TRY IT:
Leave out the pictures and retype, exactly, the lines below from the line with "Islamorada Two Step" up to and including the line with "Хронология вспышек Эболы", nothing more.

INFORMATION SUPPLIED:
----------
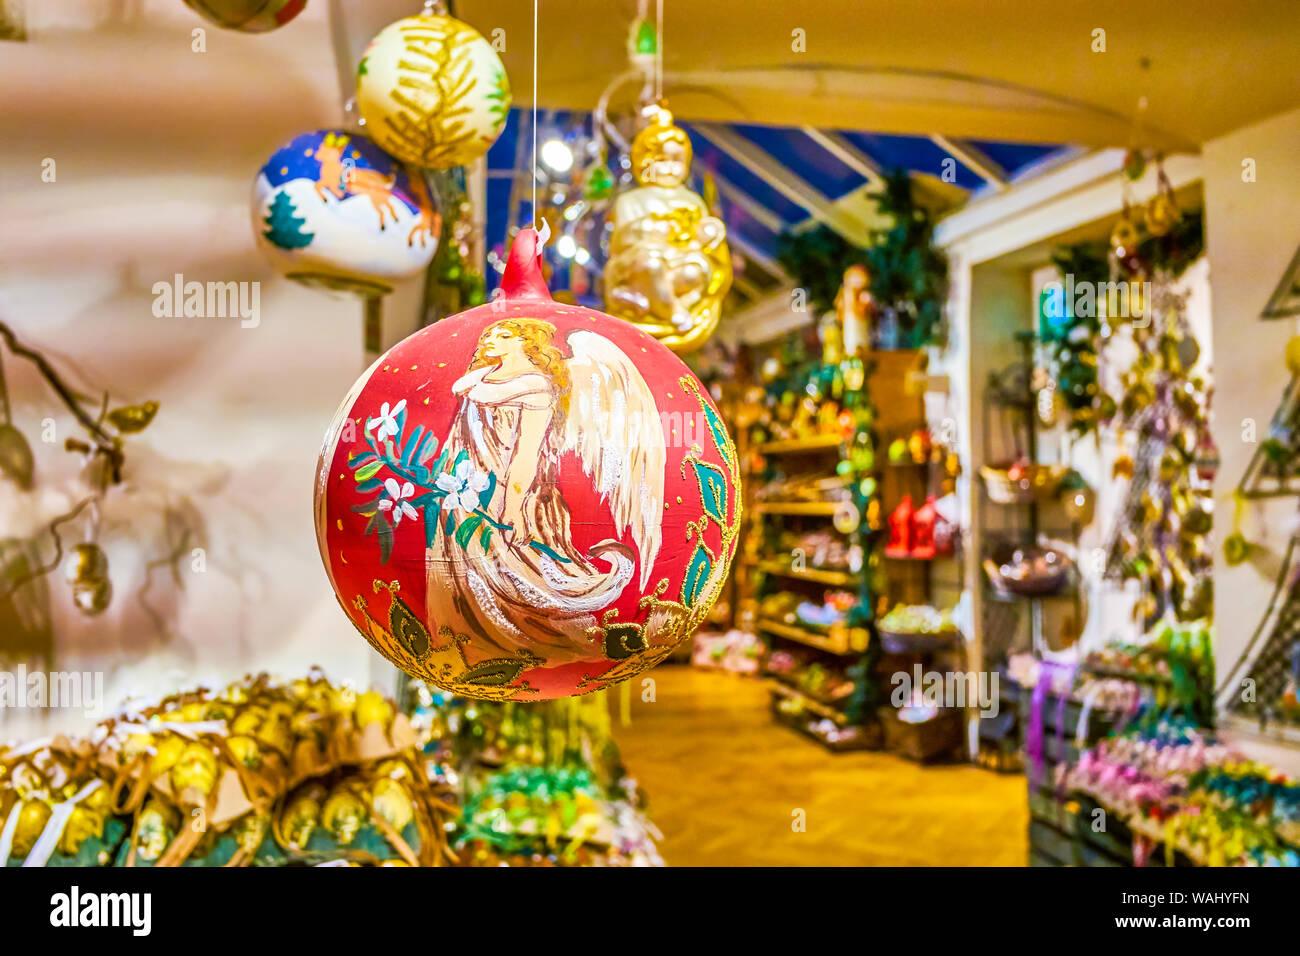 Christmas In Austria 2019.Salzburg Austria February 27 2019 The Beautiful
----------
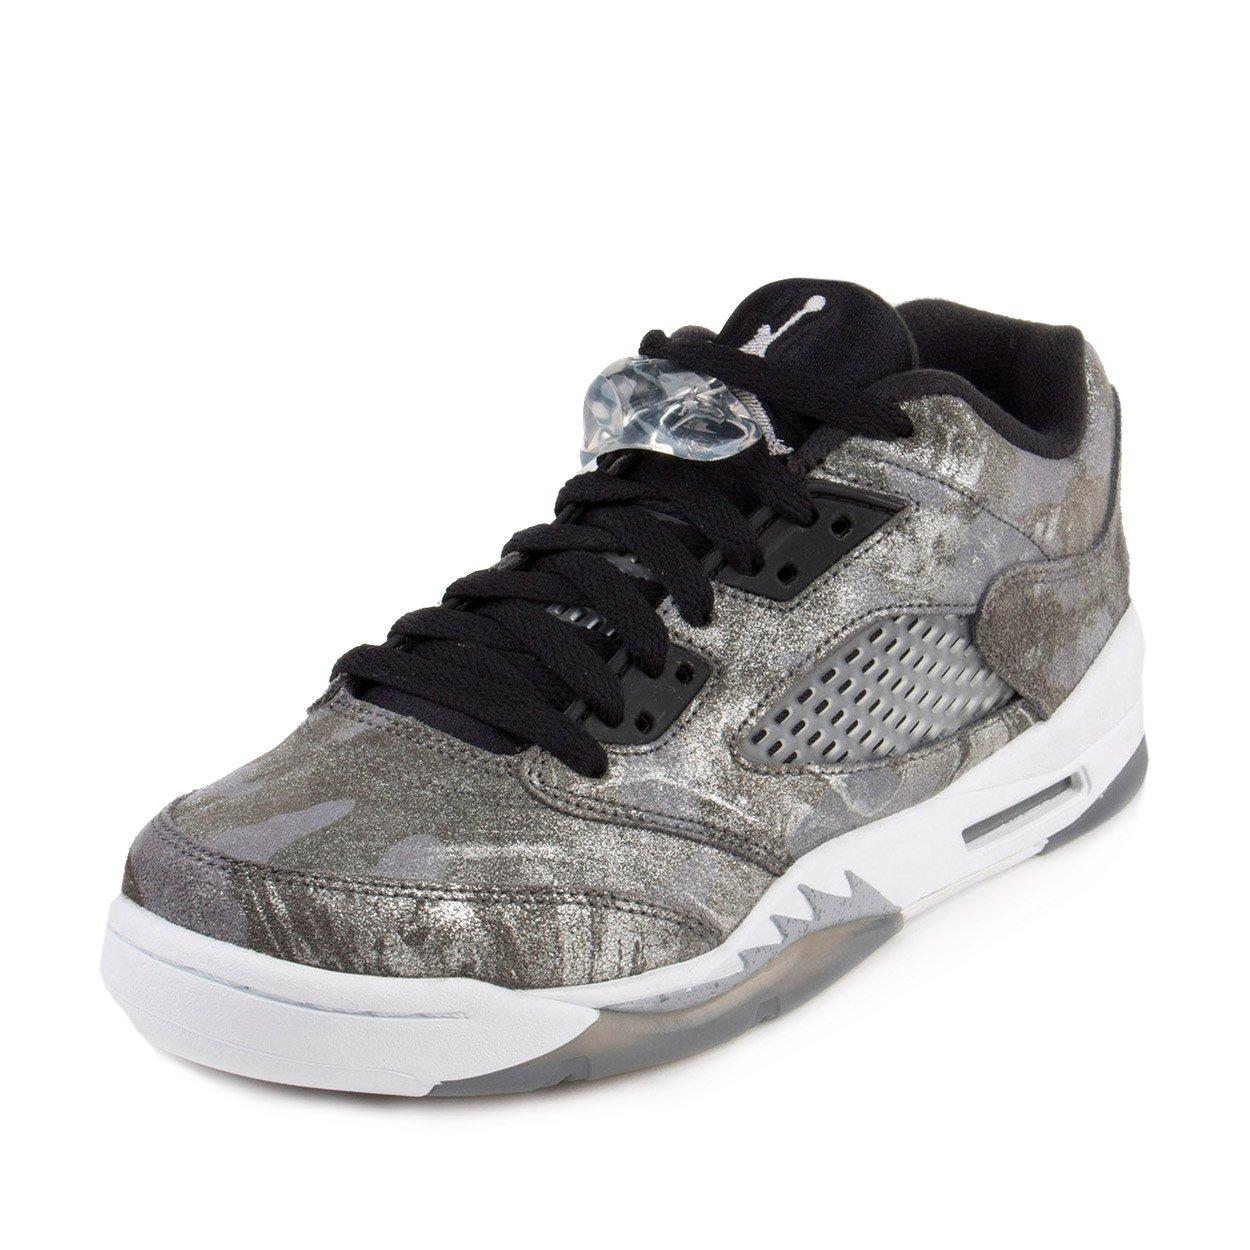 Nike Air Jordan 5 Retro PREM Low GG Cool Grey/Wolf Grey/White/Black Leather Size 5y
----------
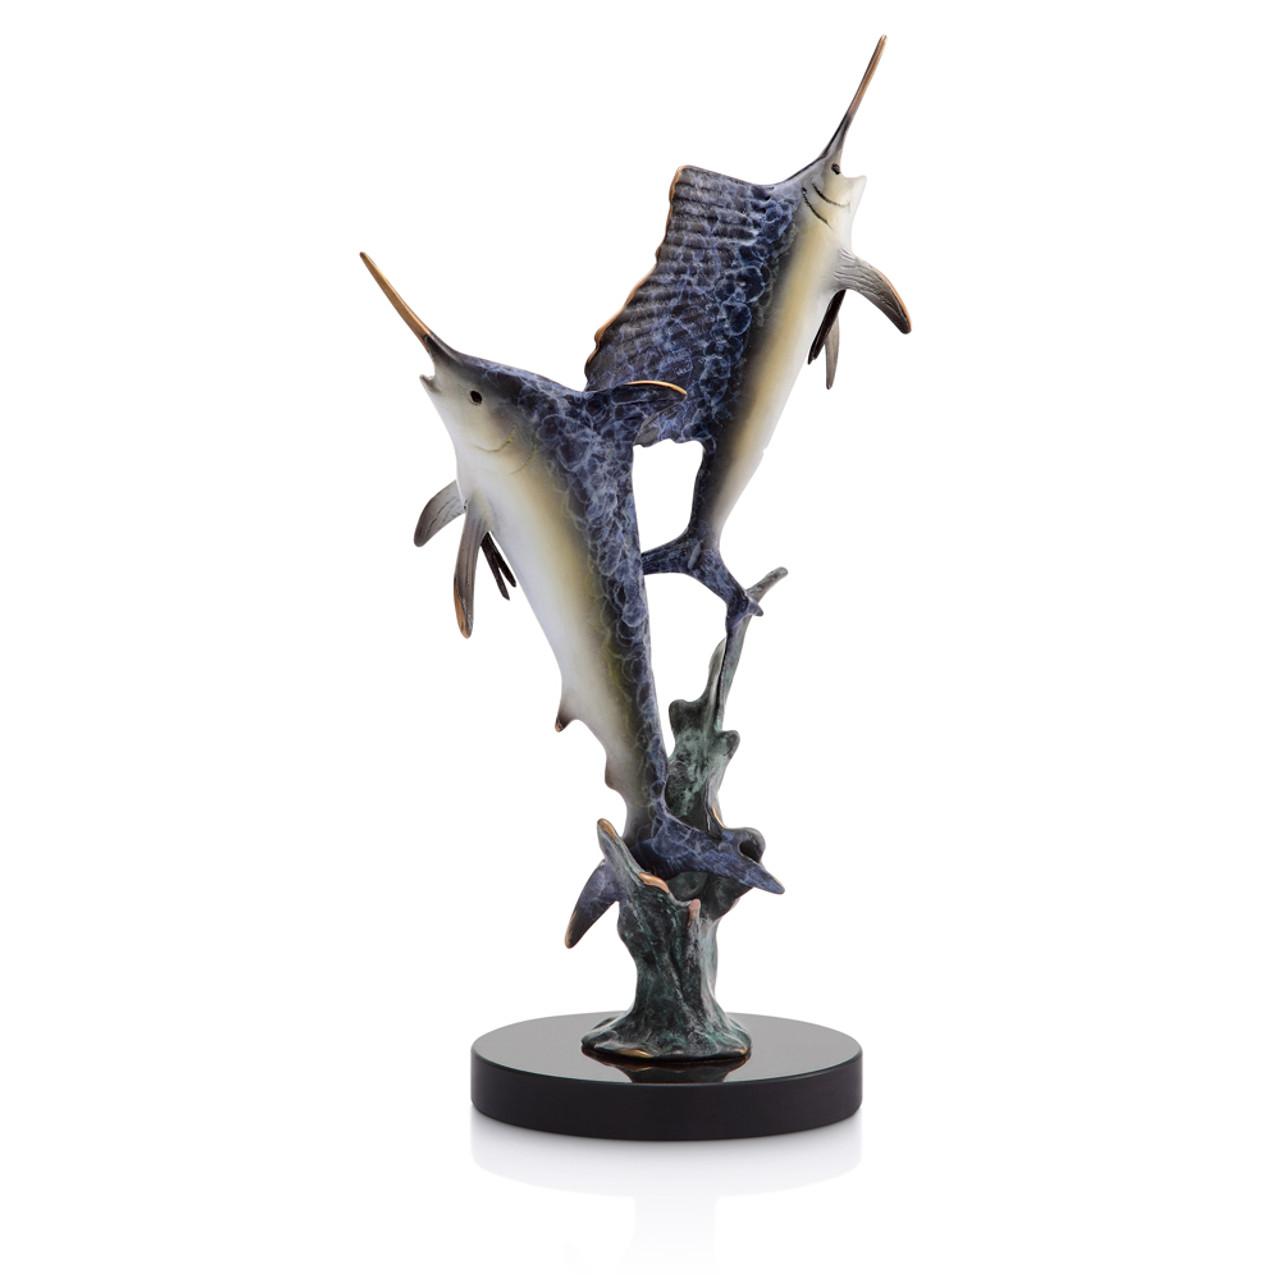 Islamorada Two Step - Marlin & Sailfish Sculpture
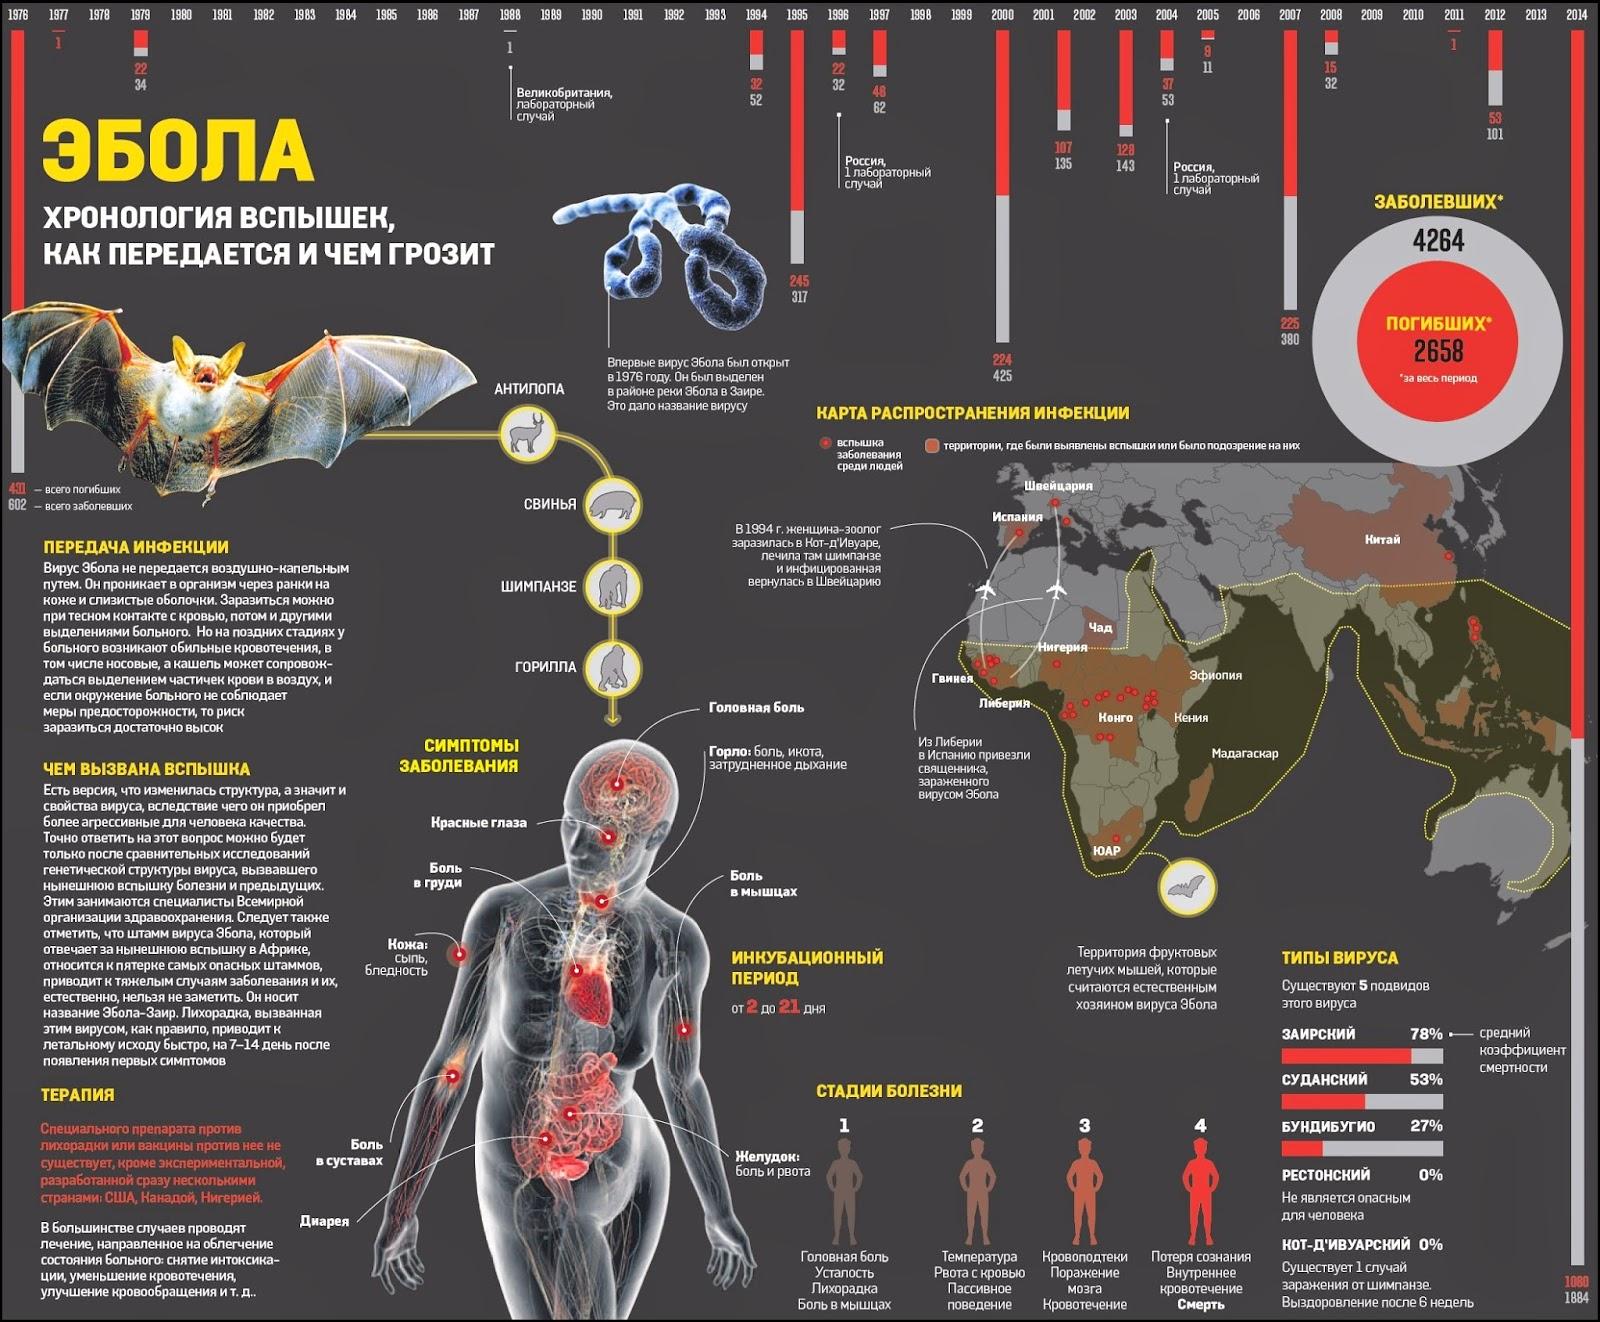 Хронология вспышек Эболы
----------
REPLY TO THE EXERCISE:
 Islamorada Two Step - Marlin & Sailfish Sculpture
 Хронология вспышек Эболы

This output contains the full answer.